Material provided
>>>>

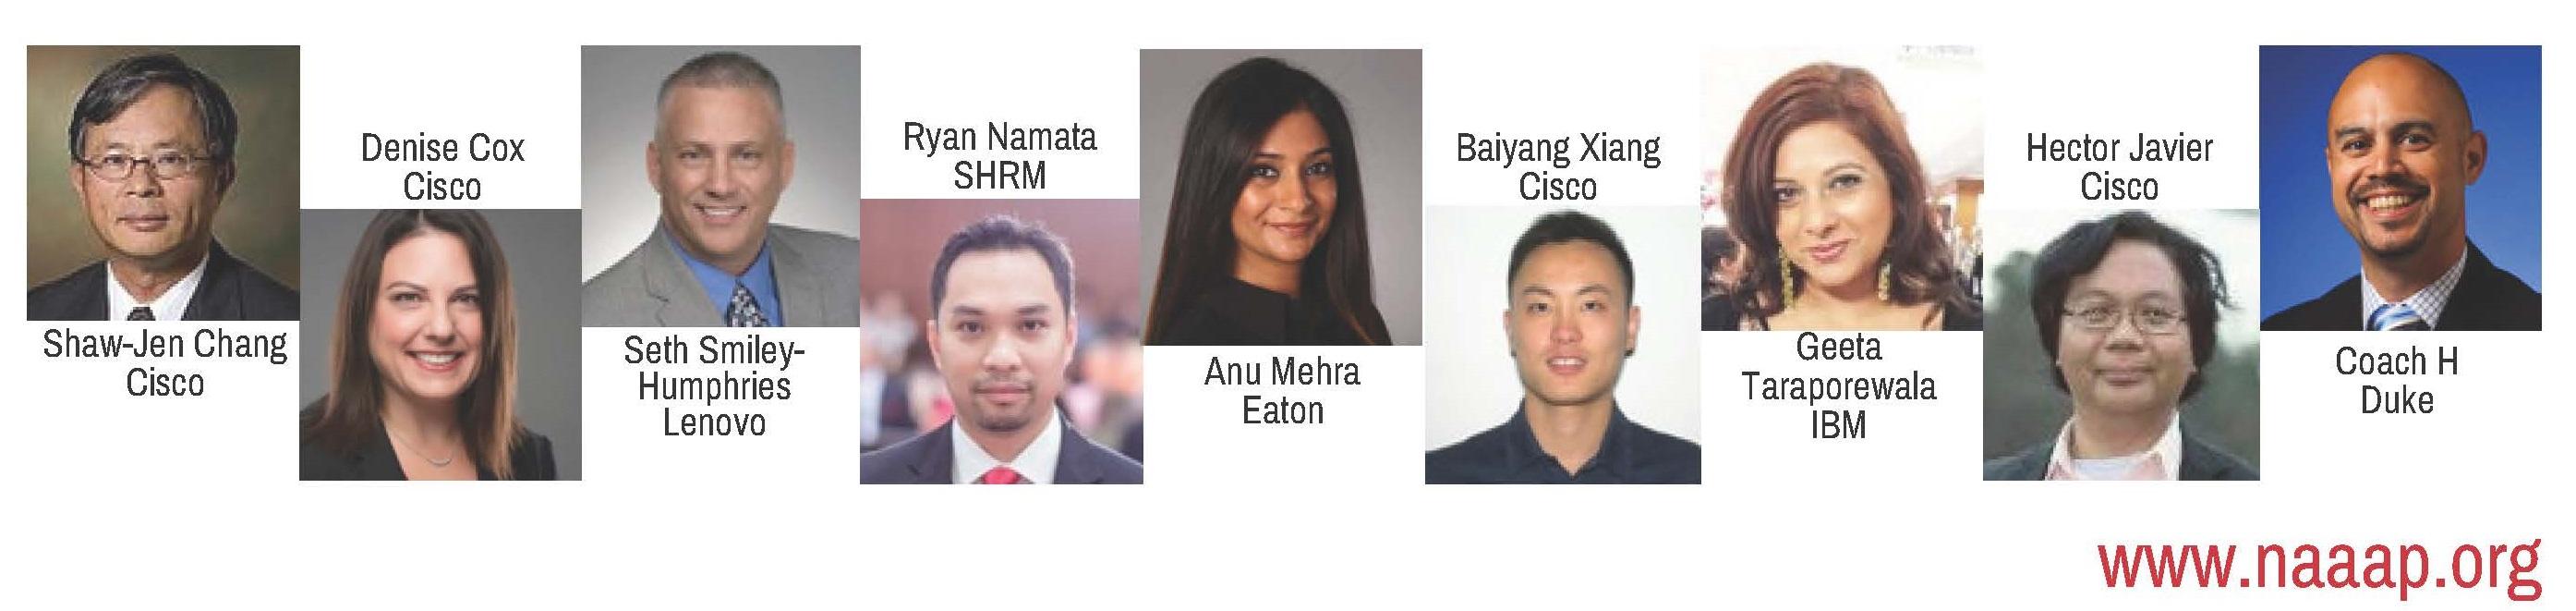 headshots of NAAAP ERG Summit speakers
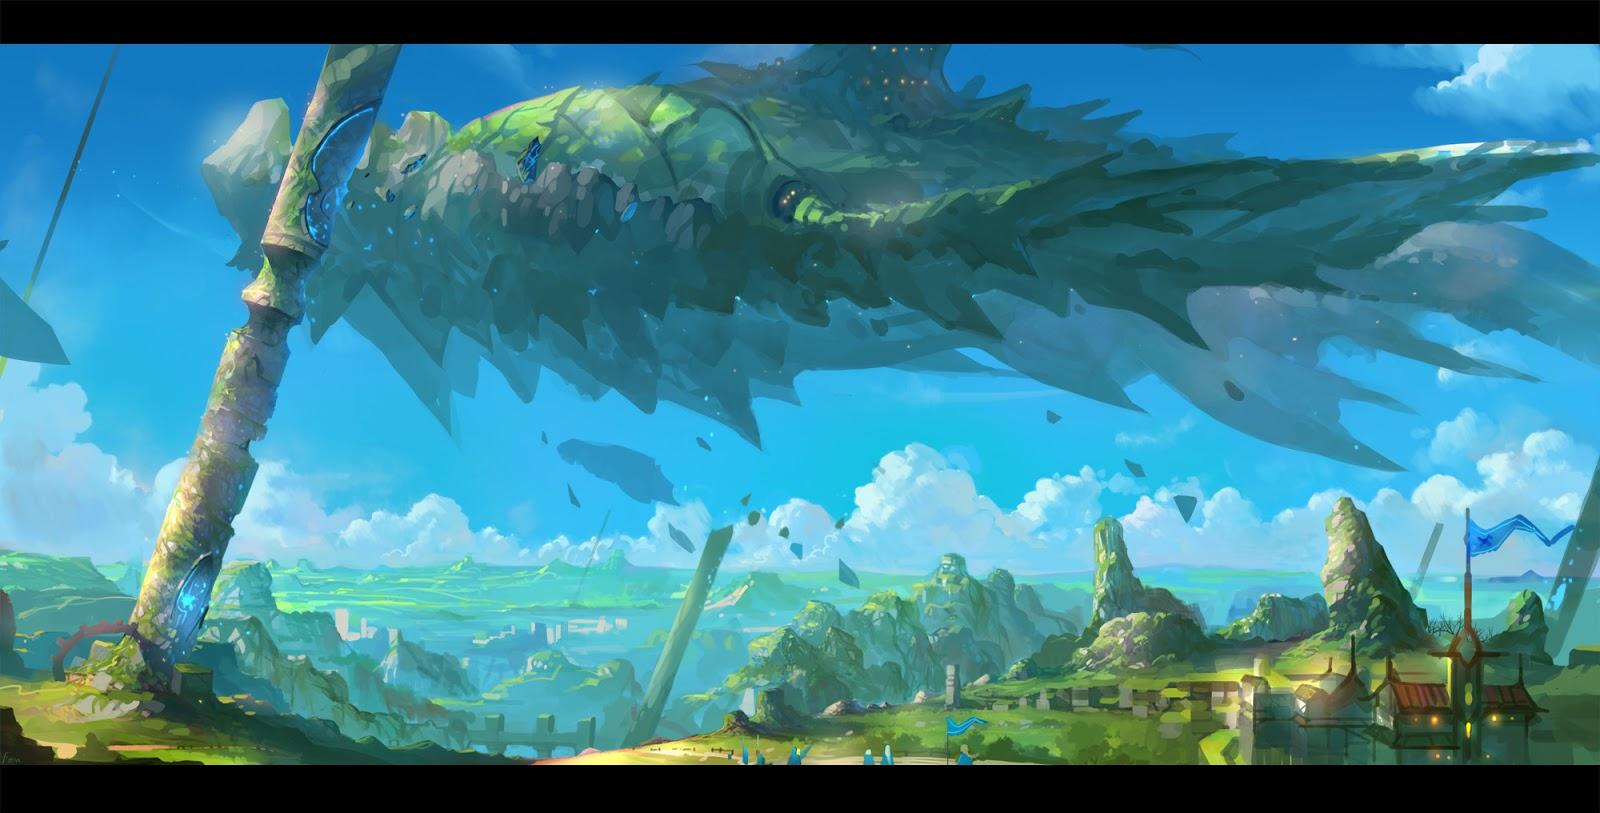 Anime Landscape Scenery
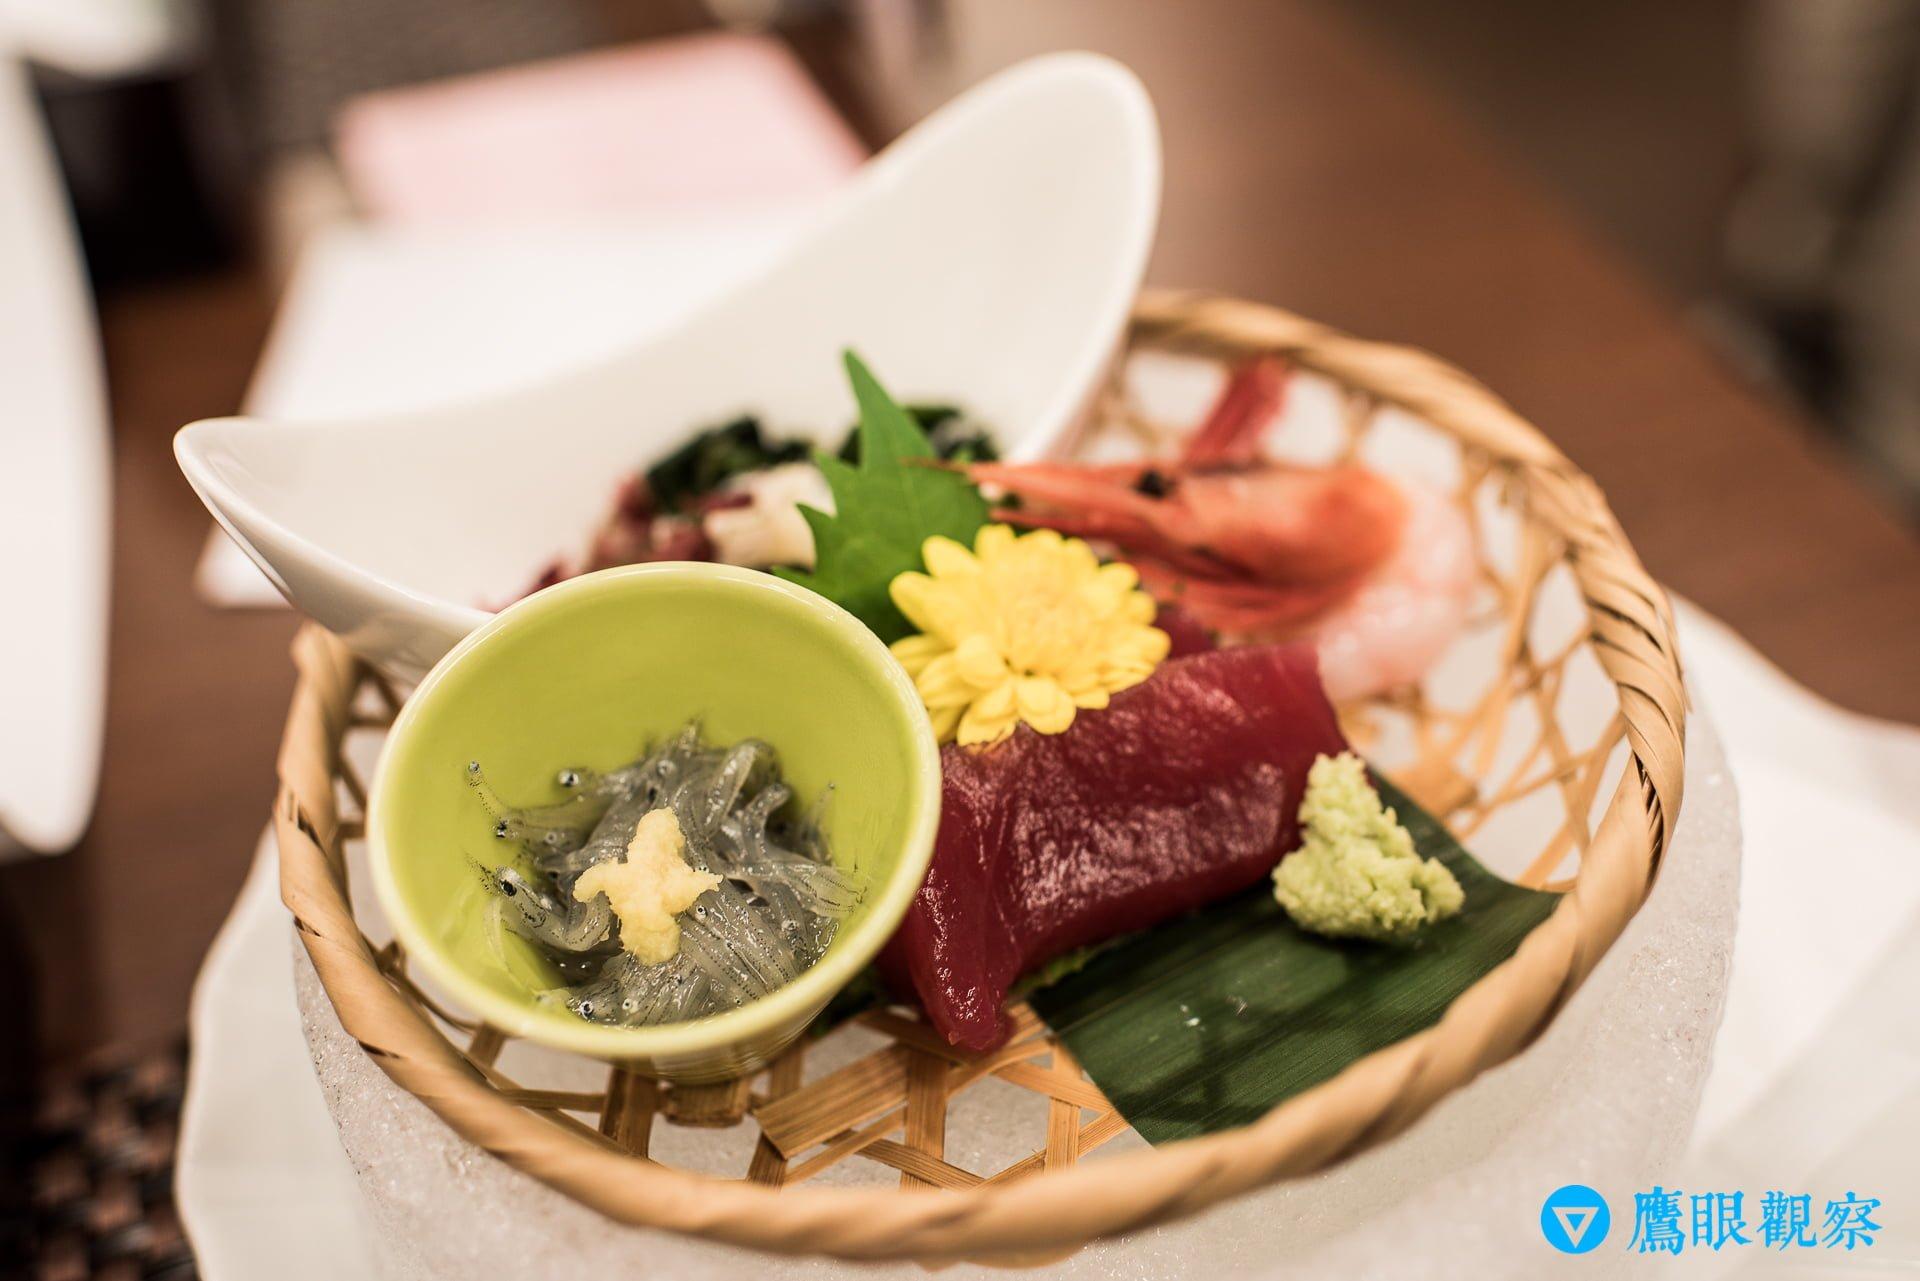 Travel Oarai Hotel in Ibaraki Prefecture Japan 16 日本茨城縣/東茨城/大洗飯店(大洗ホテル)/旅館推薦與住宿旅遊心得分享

<<<<

Exercise prompt
Skip the pictures, then return the rest of the data exactly.

Solution for this exercise
 headshots of NAAAP ERG Summit speakers
 Anime Landscape Scenery
 Travel Oarai Hotel in Ibaraki Prefecture Japan 16 日本茨城縣/東茨城/大洗飯店(大洗ホテル)/旅館推薦與住宿旅遊心得分享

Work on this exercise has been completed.